Я ведь так не делаю! Никогда! Нет, не делаю! Не поступаю, как самая последняя сволочь на Земле. Вернее… Теперь вот не уверен. Очень грубо получилось с парнем — практически выгнал человека из машины, затем продержал его на улице, как цепного пса без миски с угощением, а на финал и вовсе отправил домой скупым пространным сообщением. Да, видимо, усиленно расту над собой.
Наталья мостится на моем плече и задевает своими губами мне щеку. Только этого не хватало для полного абзаца. Слегка отстраняюсь от нее, разминаю шею, вращаю и прокручиваю застоявшиеся от неудобного положения позвонки, затем приподнимаю плечо, пытаясь переложить так неосторожно склоненную ко мне женскую голову на подходящий подголовник на заднем сидении.
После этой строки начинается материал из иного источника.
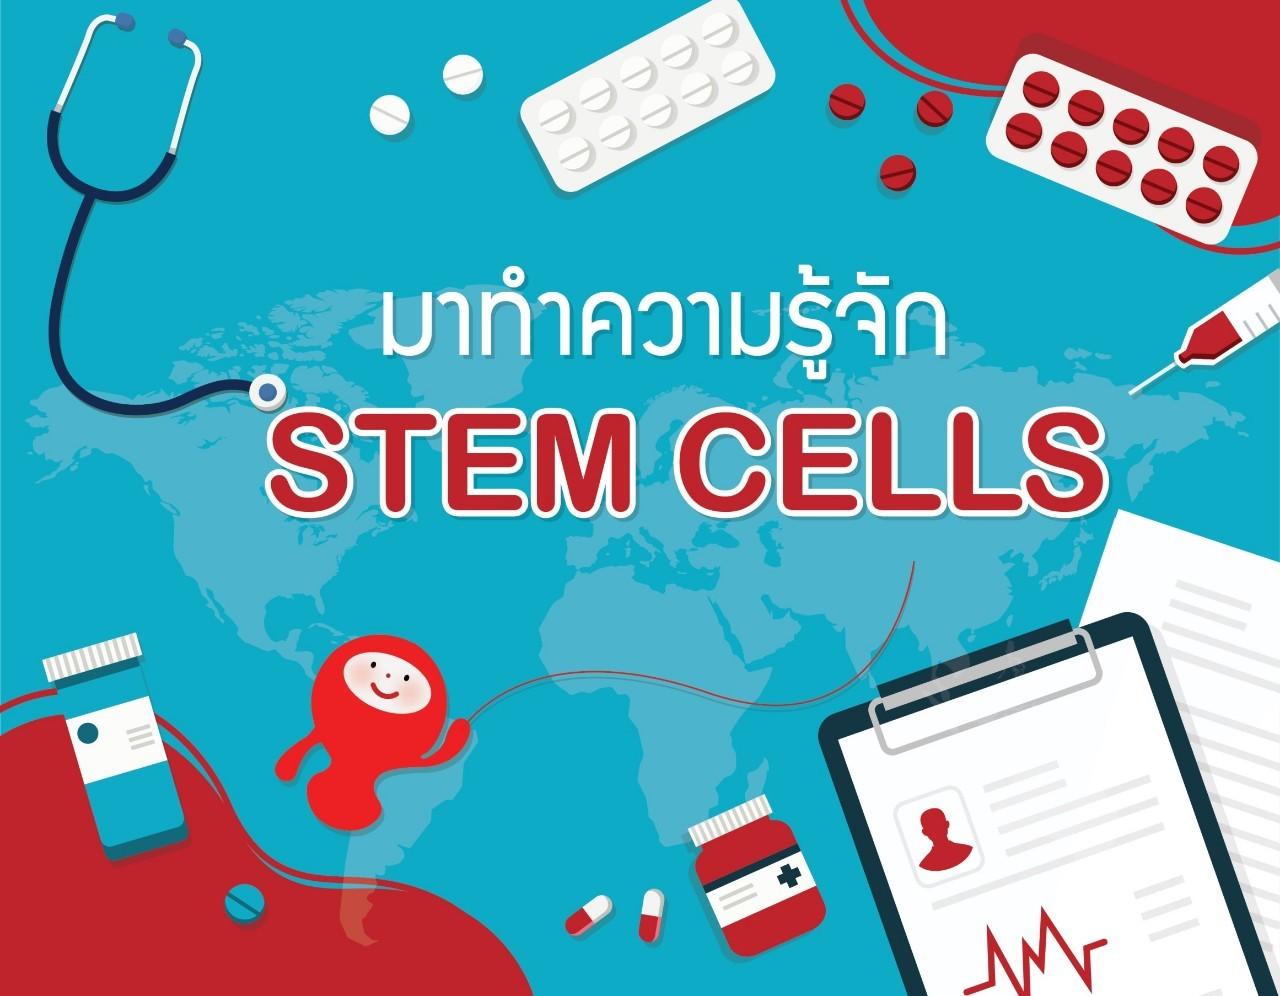 มาทำความรู้จัก STEM CELLS

— Натали, Натали, что же ты творишь? — шепчу и подключаю к разговору свою руку. — Эй, ты там жива, Черепашонок? — не дожидаясь вразумительного ответа, обхватываю скульптурный женский подбородок и придвигаюсь к ней лицом. — Сейчас ведь поцелую, если ты не перестанешь так себя вести, Наташа. Наташа!!! — рычу с угрозой. — Я ведь поцелую в губы, раздвину их с правом единоличного собственника, согласно договору, и языком в рот к тебе войду. А там уж, извини, Шевцова, я буду делать, что захочу. Непросто «что захочу», но и «как захочу» и даже очень долго. Слышишь меня? Вылижу тебя, собой помечу всю твою ротовую полость. Живого места не оставлю — нанесу тебе на глотку свое неповторимое клеймо, пройдусь по деснам и зубным каналам, всосу язык и сильно, до крови, прокушу твою наглую нижнюю губу. Она меня достала за сегодня. Потом отправлюсь вверх, ты меня слышишь? Слышишь? Вверх по твоему ребристому нёбу, пощекочу тот отросток-язычок, доберусь даже до гортани, и воспользуюсь тобой, как тренировочной куклой для французских поцелуев. Оттрахаю, как и обещал, но орально — в самом прямом смысле этого слова. В твоем призывно раскрытом рту своим шустрым языком! Ты будешь содрогаться и просить о пощаде или о добавке! Тут уж как пойдет. Не страшно? Или ты напрашиваешься? Специально? Ку-ку? Отлично! Тогда я считаю до трех, — Шевцова ерзает и обхватывает меня за торс худой рукой. — «Один» ты уже бездарно проморгала, что на «два» скажешь? — я затихаю, жду, а она сопит и носом по-собачьи дергает. — «Два», по-видимому, тоже мимо. Шевцова, ты с огнем играешь, наступает критический и чрезвычайно опасный момент. А если «три»? Что на это скажешь? — осторожно дую в нос мерзавке и этим воздухом приподнимаю выбившиеся локоны из ее прически. — Ты растеряла весь свой страх? М? Что молчишь, раба неконтролируемого разврата и договорной любви, малышка для сексуальной физзардки и плотских утех?
Три… Три… Да не грози
«Фу, какая гадость, эта ваша бяка!».
Ей было всего лишь восемь, а гонору, словно двадцать восемь полных лет. Да, Господи, на здоровье, как говорится! Юная, пока еще физически не сильно развитая, баба слезла с нашего воза, а нам всем хорошо, так того и надо было! Не хочет играть — да и похрен, лишь бы к нам со скулежом не лезла. Так вот, этот выигравший детскую партию шалопай на цыпочках подкрался к сидящей на парапете рядом с тайным местом нашей авантюрной встречи Наташе, ноющей себе под нос какую-то детскую песенку и рисующей мелом на асфальте фантастический каменный цветок, и неуверенными губами смачно, со слюнями и зубами, прислонился к ее раздувшейся от маленького язычка щеке. Шевцова, конечно же, вздрогнула, но вроде как слишком изумленного вида не подала и не издала ни одного визжащего и ойкающего звука, зато потом, когда вытирала влажный след от неумелого мальчишеского поцелуя, глядя недоразвитому и обреченному на жестокое наказание «жениху», с улыбкой прошептала простое пожелание:
«Беги, дурачок! Зверь уже пришел за тобой… Максим, не надо!».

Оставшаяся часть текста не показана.